Your goal
From the line containing "桜吹雪で遊ぶ子どもたち" to the line containing "heilige nachten en" in the entries below, reproduce every line exactly, ends included. Nothing else belongs in the copy, and no pictures.

***** Given data

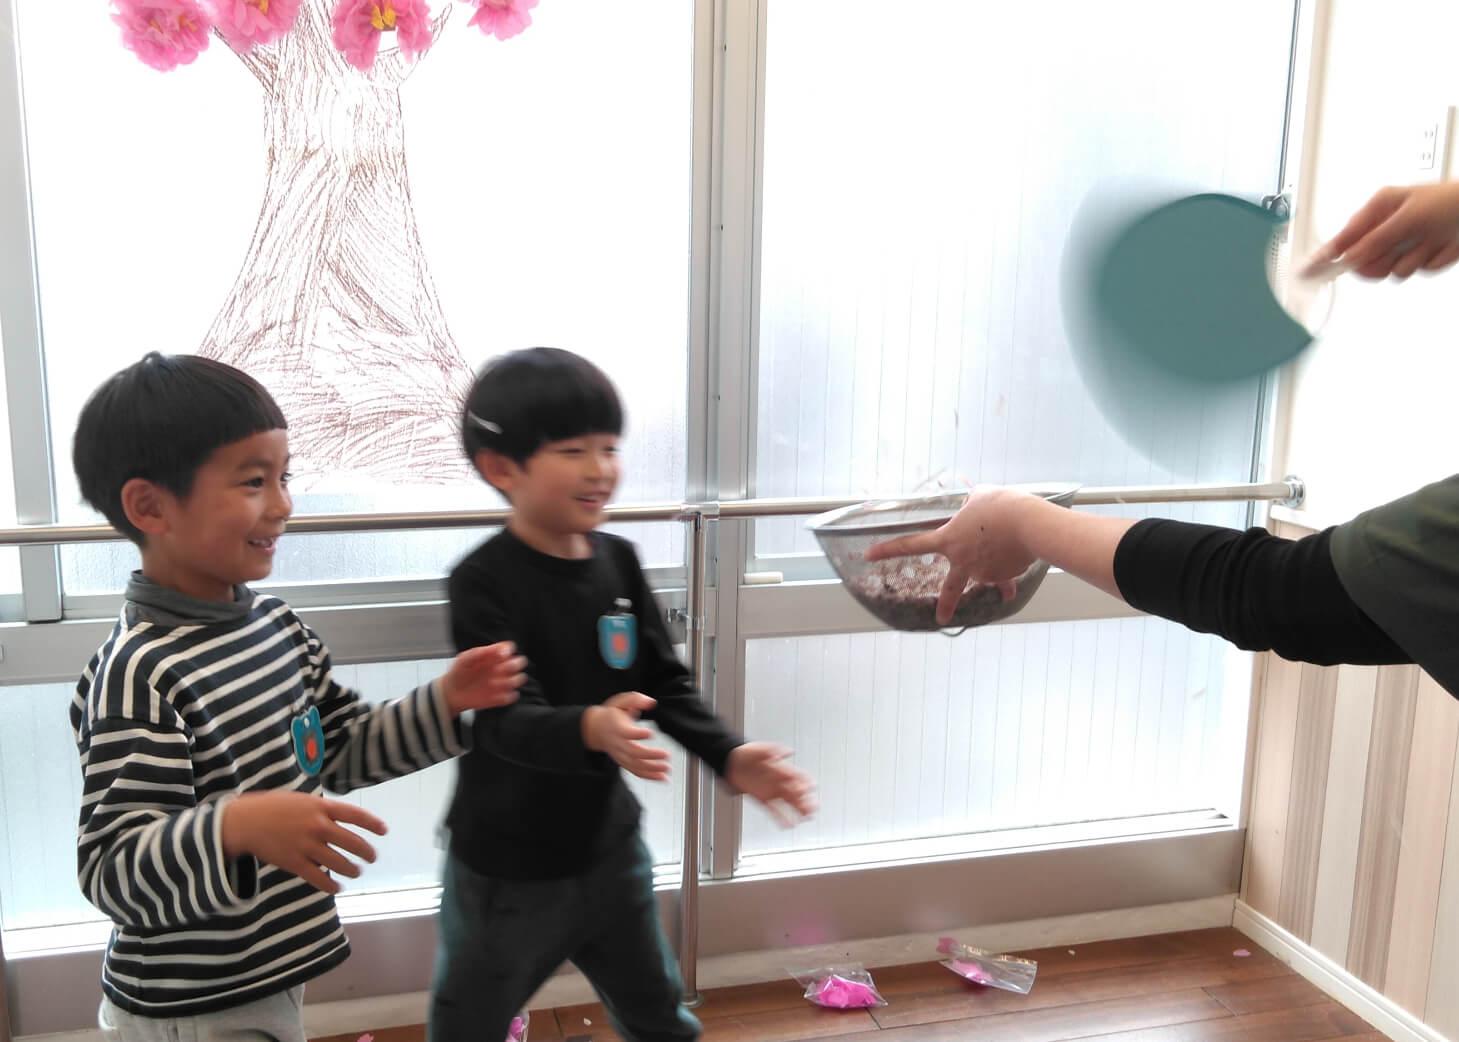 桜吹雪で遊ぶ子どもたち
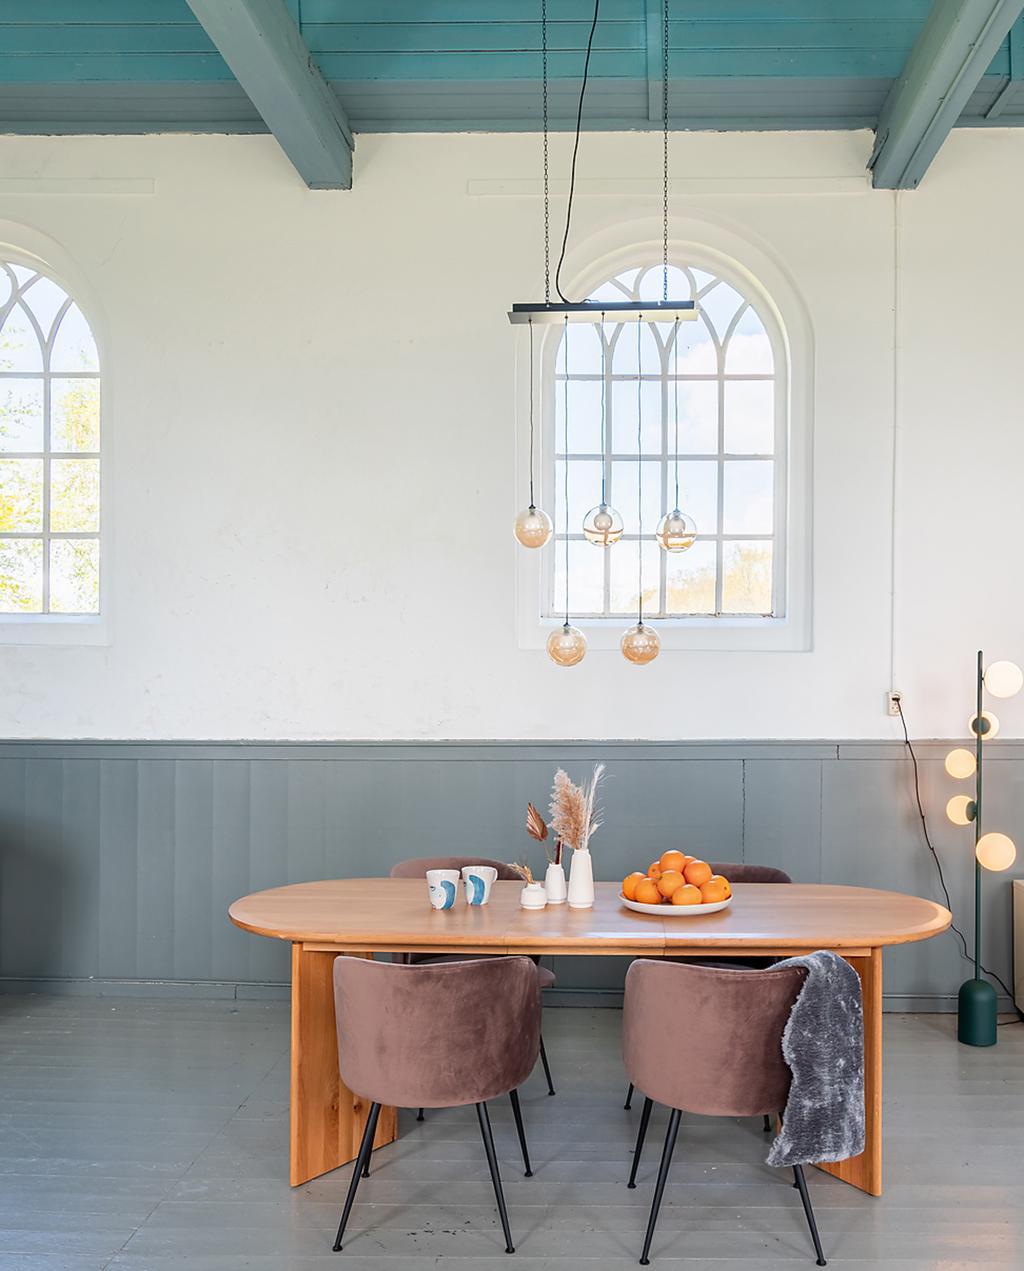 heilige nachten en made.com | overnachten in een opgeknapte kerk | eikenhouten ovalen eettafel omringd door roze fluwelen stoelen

**********
***** Given data

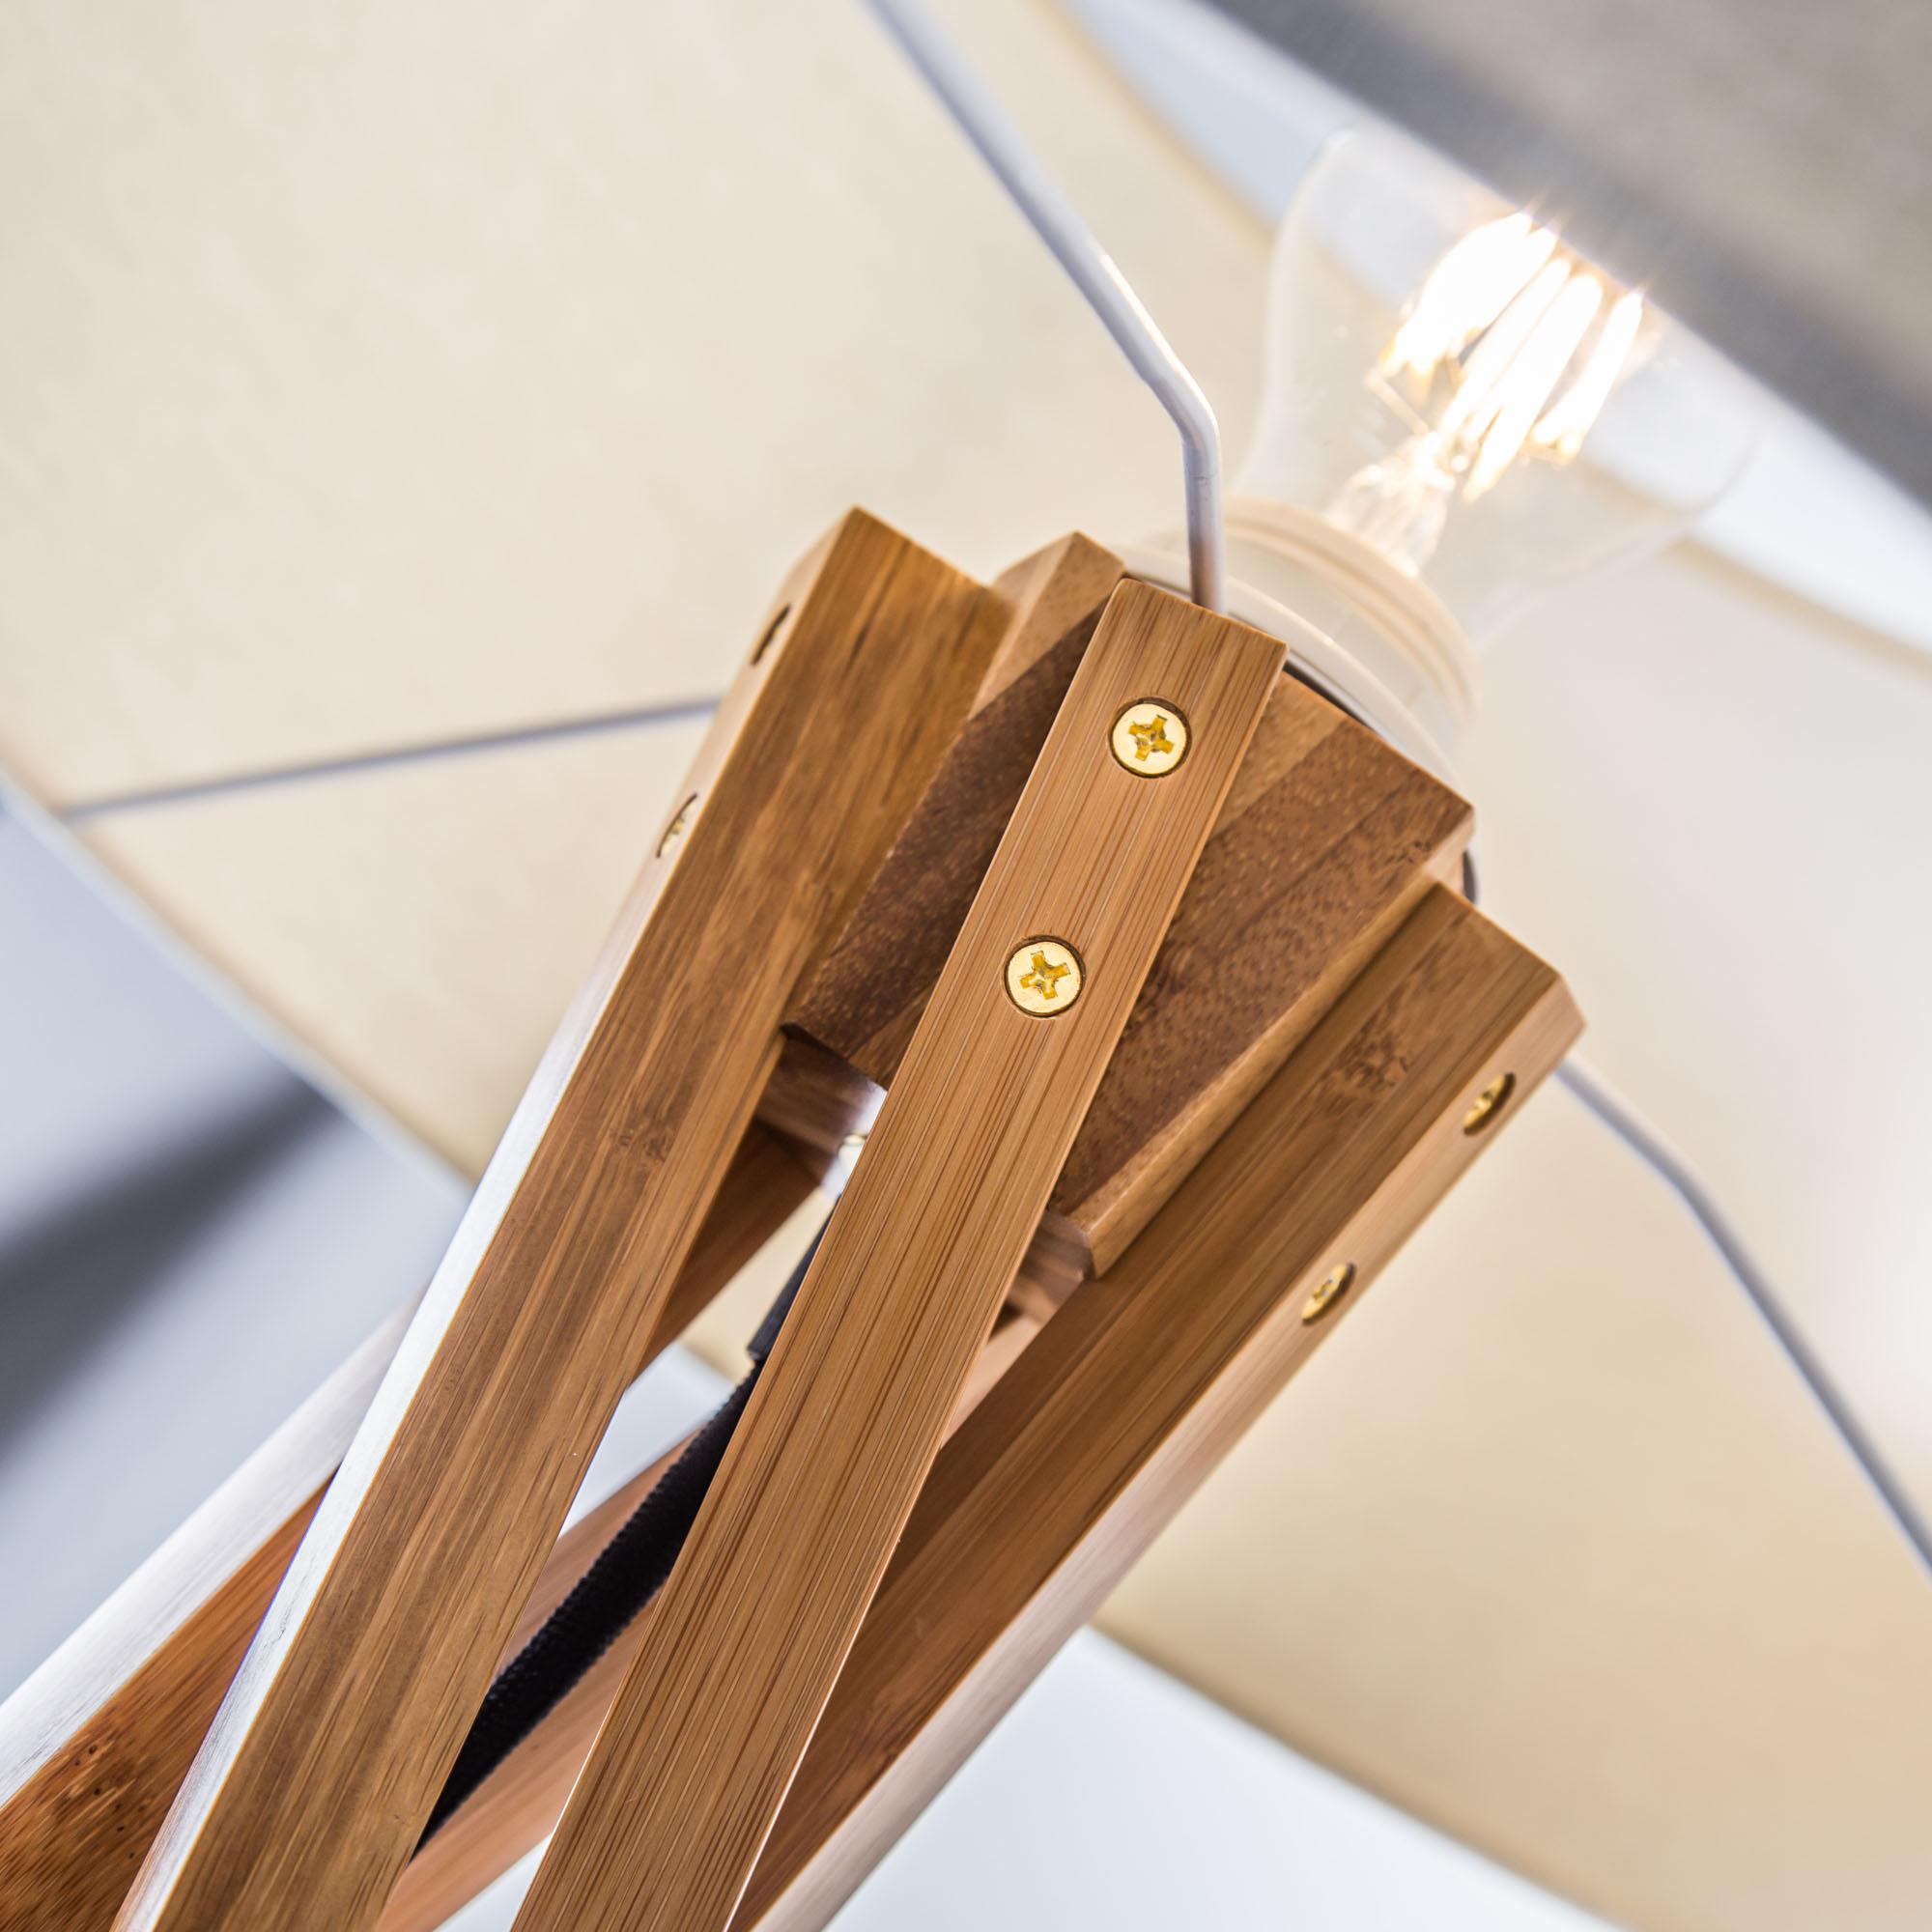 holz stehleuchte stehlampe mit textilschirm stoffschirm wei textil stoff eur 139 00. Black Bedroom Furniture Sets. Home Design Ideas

**********

Answer area
 桜吹雪で遊ぶ子どもたち
 heilige nachten en made.com | overnachten in een opgeknapte kerk | eikenhouten ovalen eettafel omringd door roze fluwelen stoelen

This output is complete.